## Exercise goal
An exact copy is required of every line from the one with "Alaska Salmon Fishing Packages" through the end of the data below, and the pictures must stay out of it.

## Task data
=-=-=-=-=

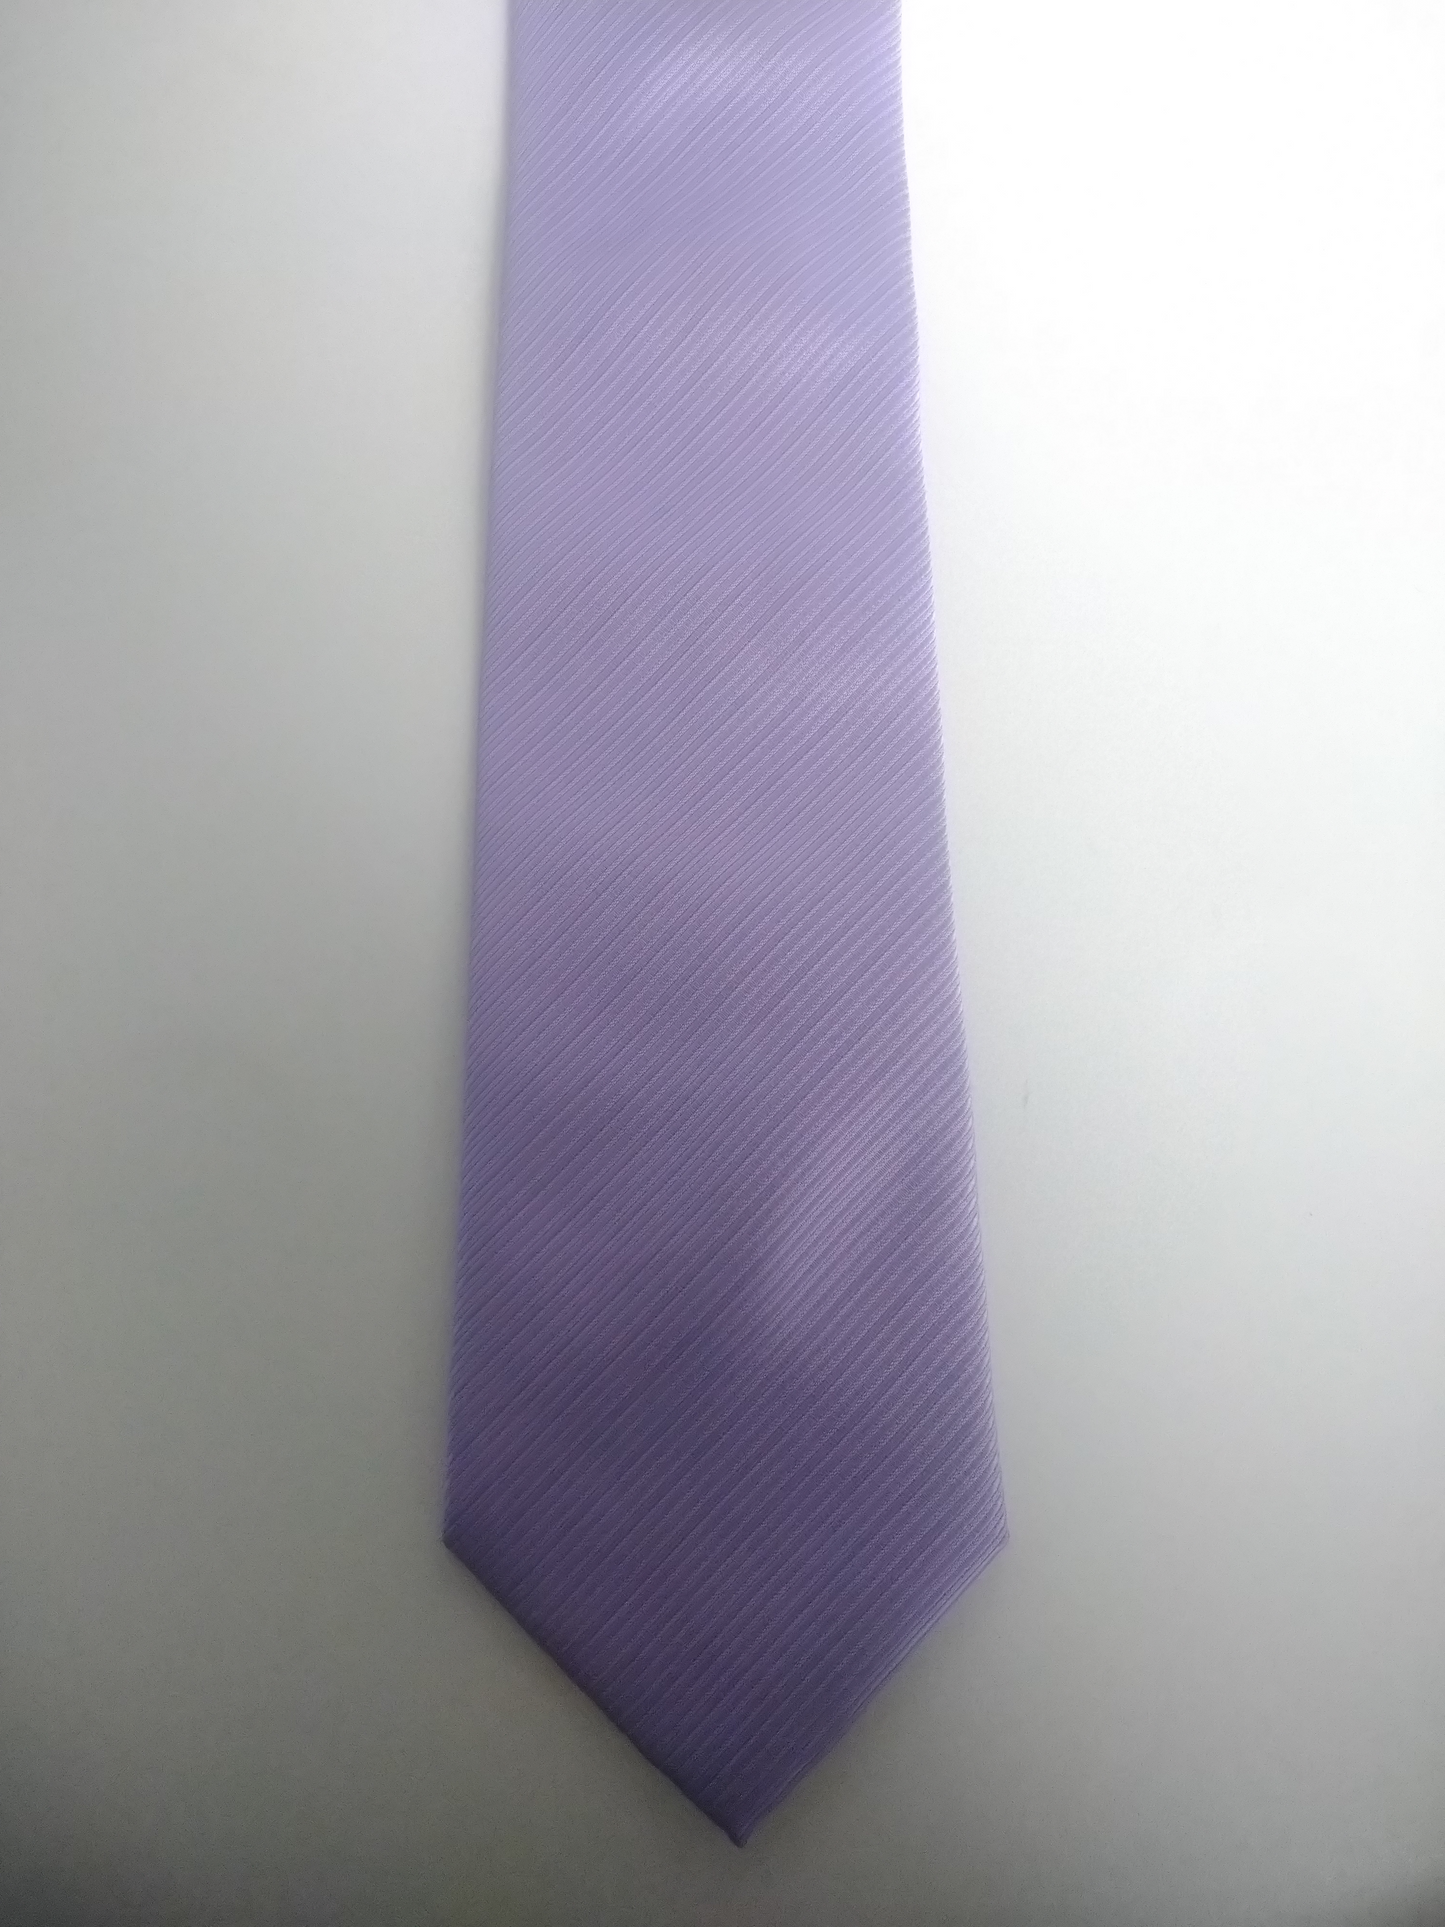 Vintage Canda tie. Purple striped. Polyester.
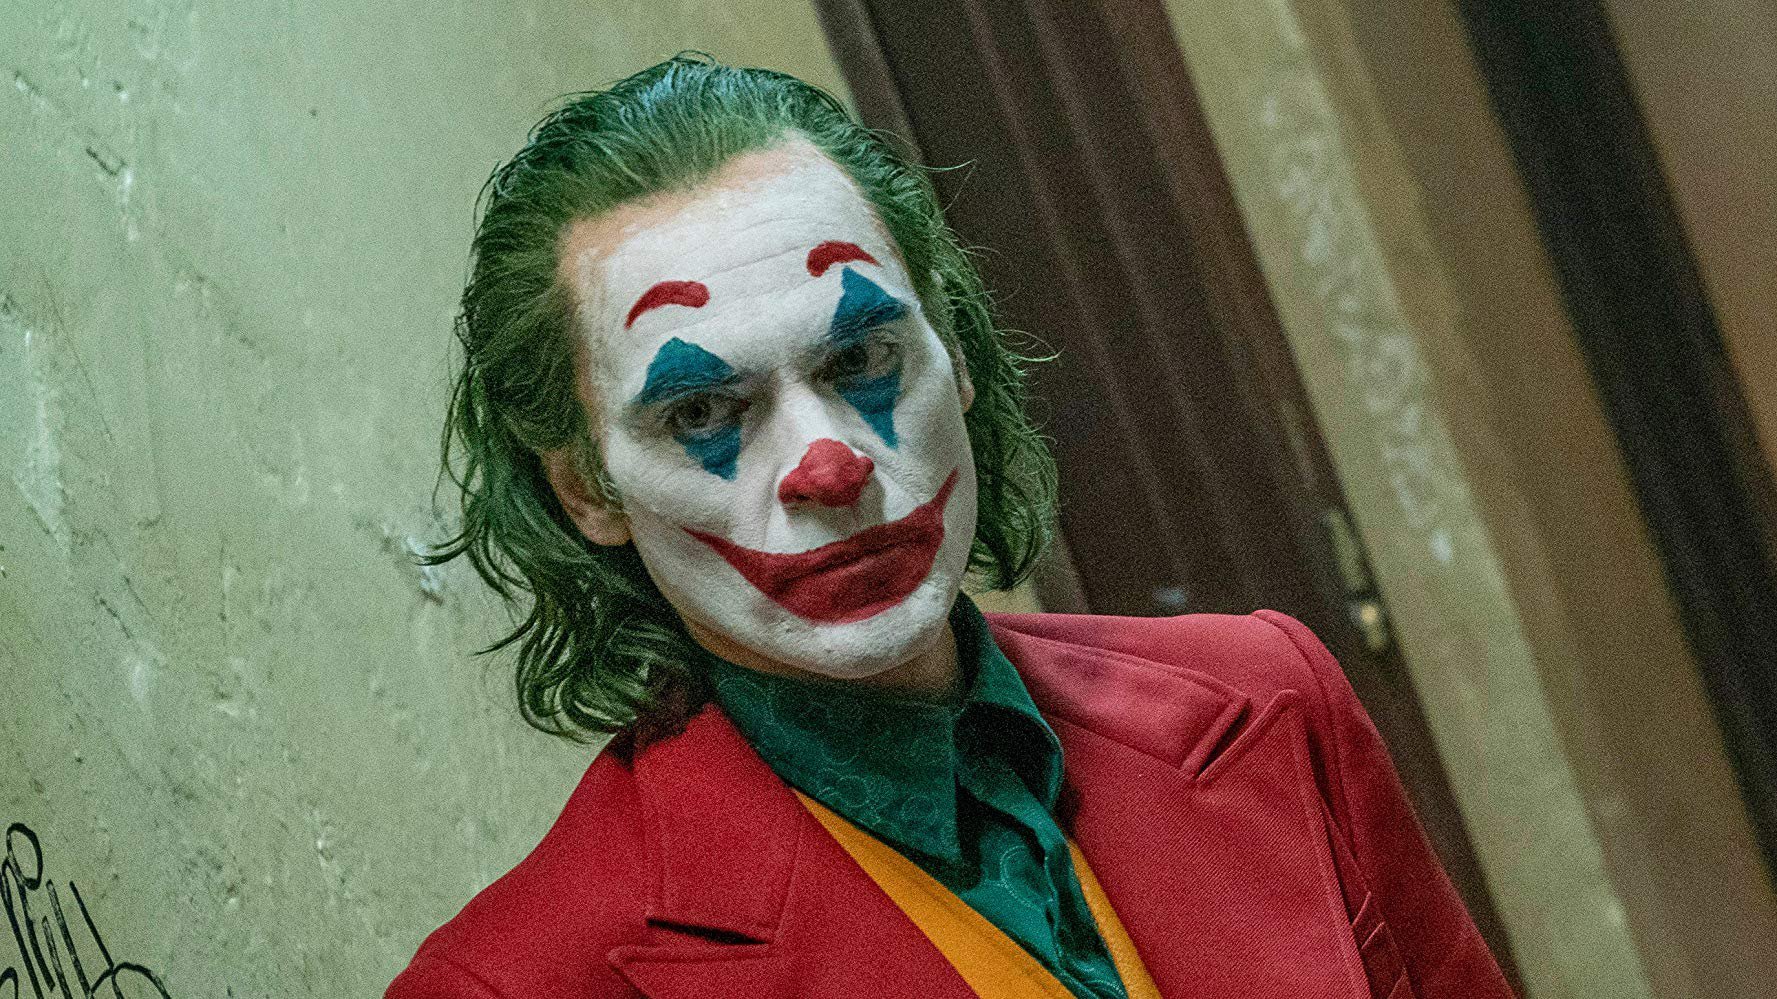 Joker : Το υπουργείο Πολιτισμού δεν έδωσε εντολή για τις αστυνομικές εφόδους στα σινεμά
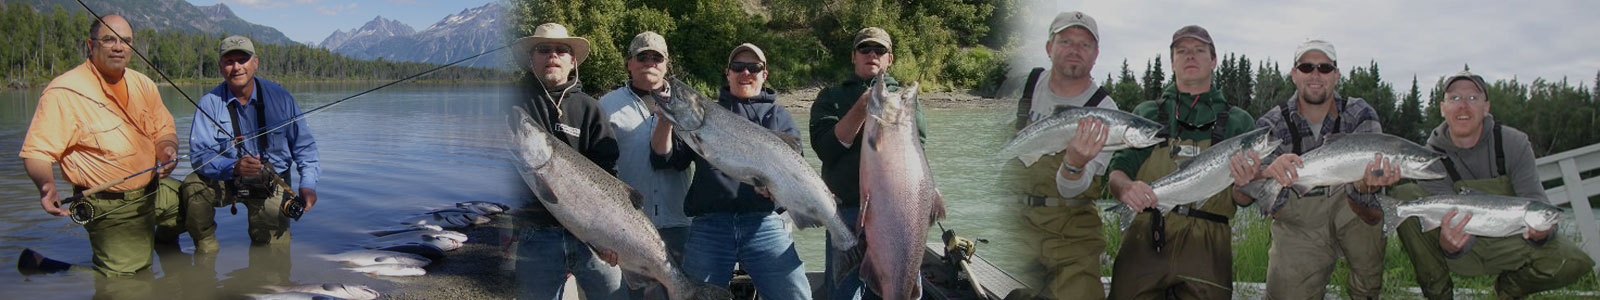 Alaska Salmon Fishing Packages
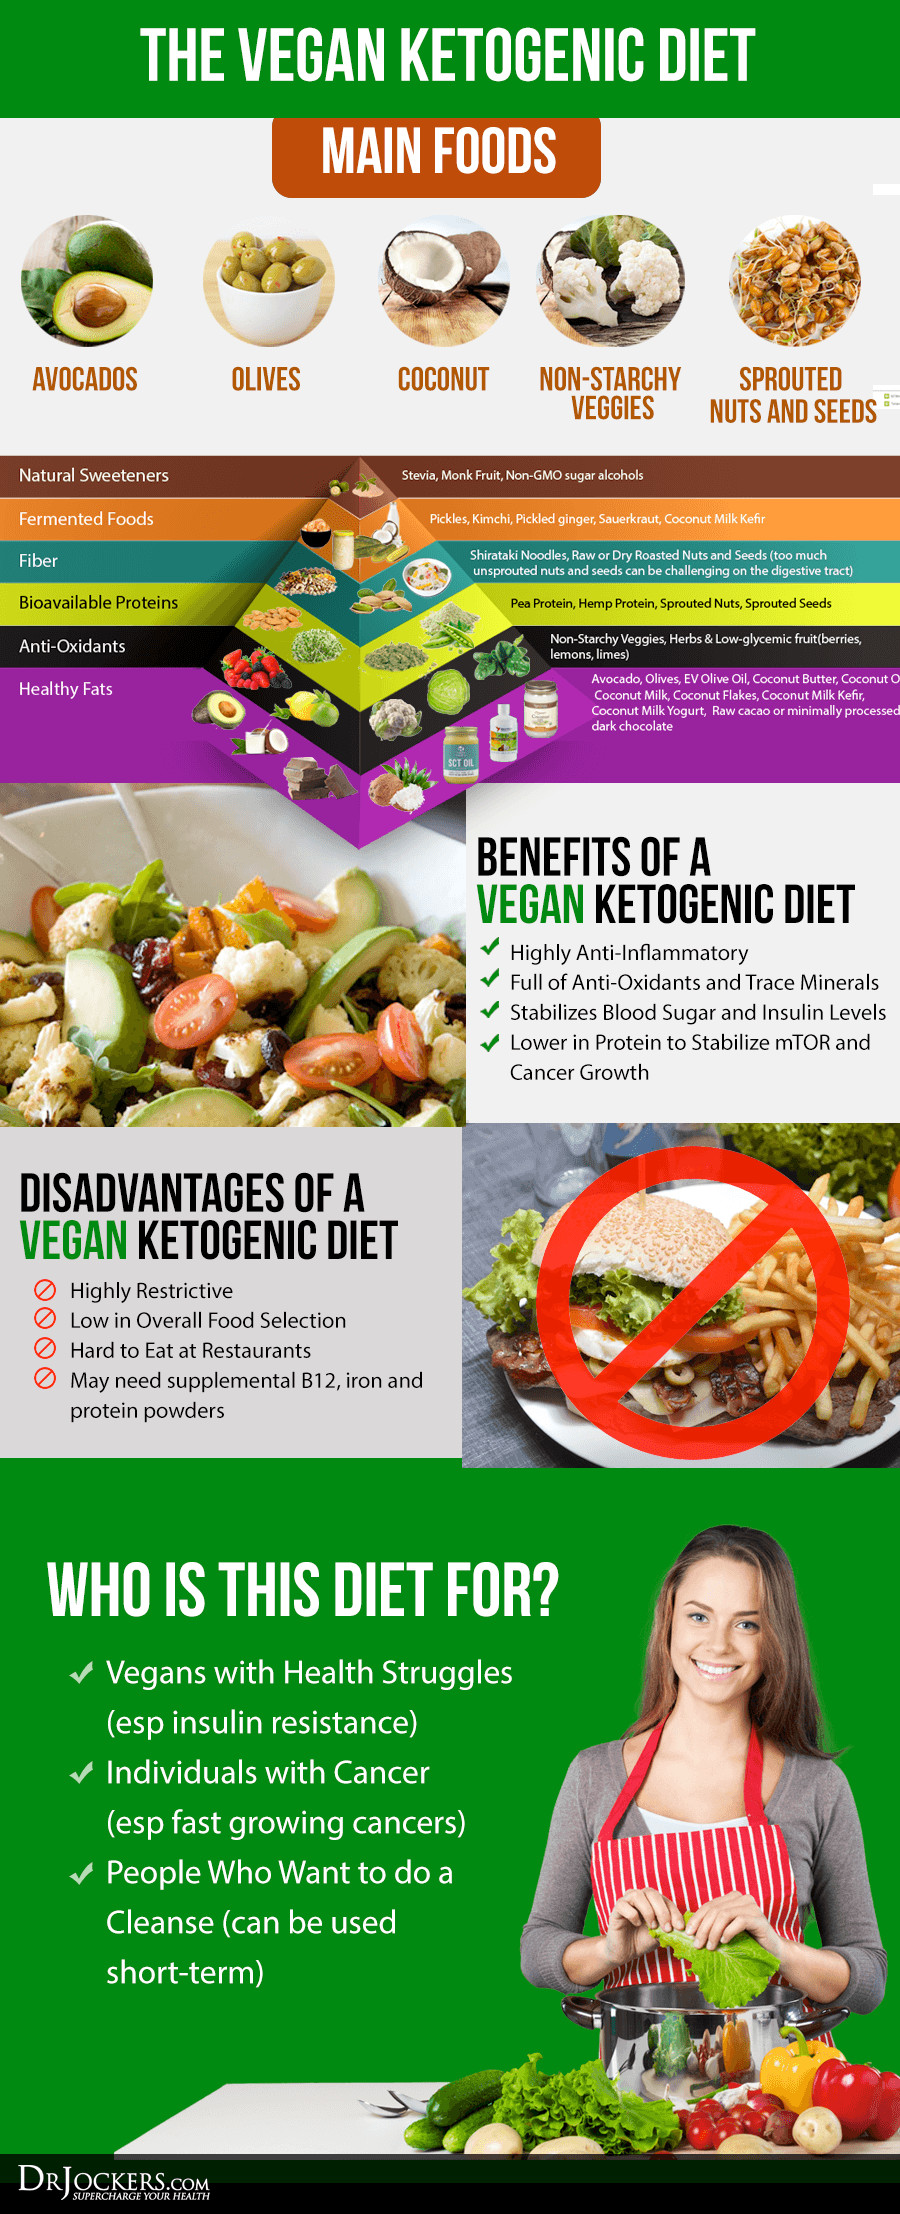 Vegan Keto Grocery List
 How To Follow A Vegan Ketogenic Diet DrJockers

=-=-=-=-=

## Answer below
 Alaska Salmon Fishing Packages
 Vegan Keto Grocery List
 How To Follow A Vegan Ketogenic Diet DrJockers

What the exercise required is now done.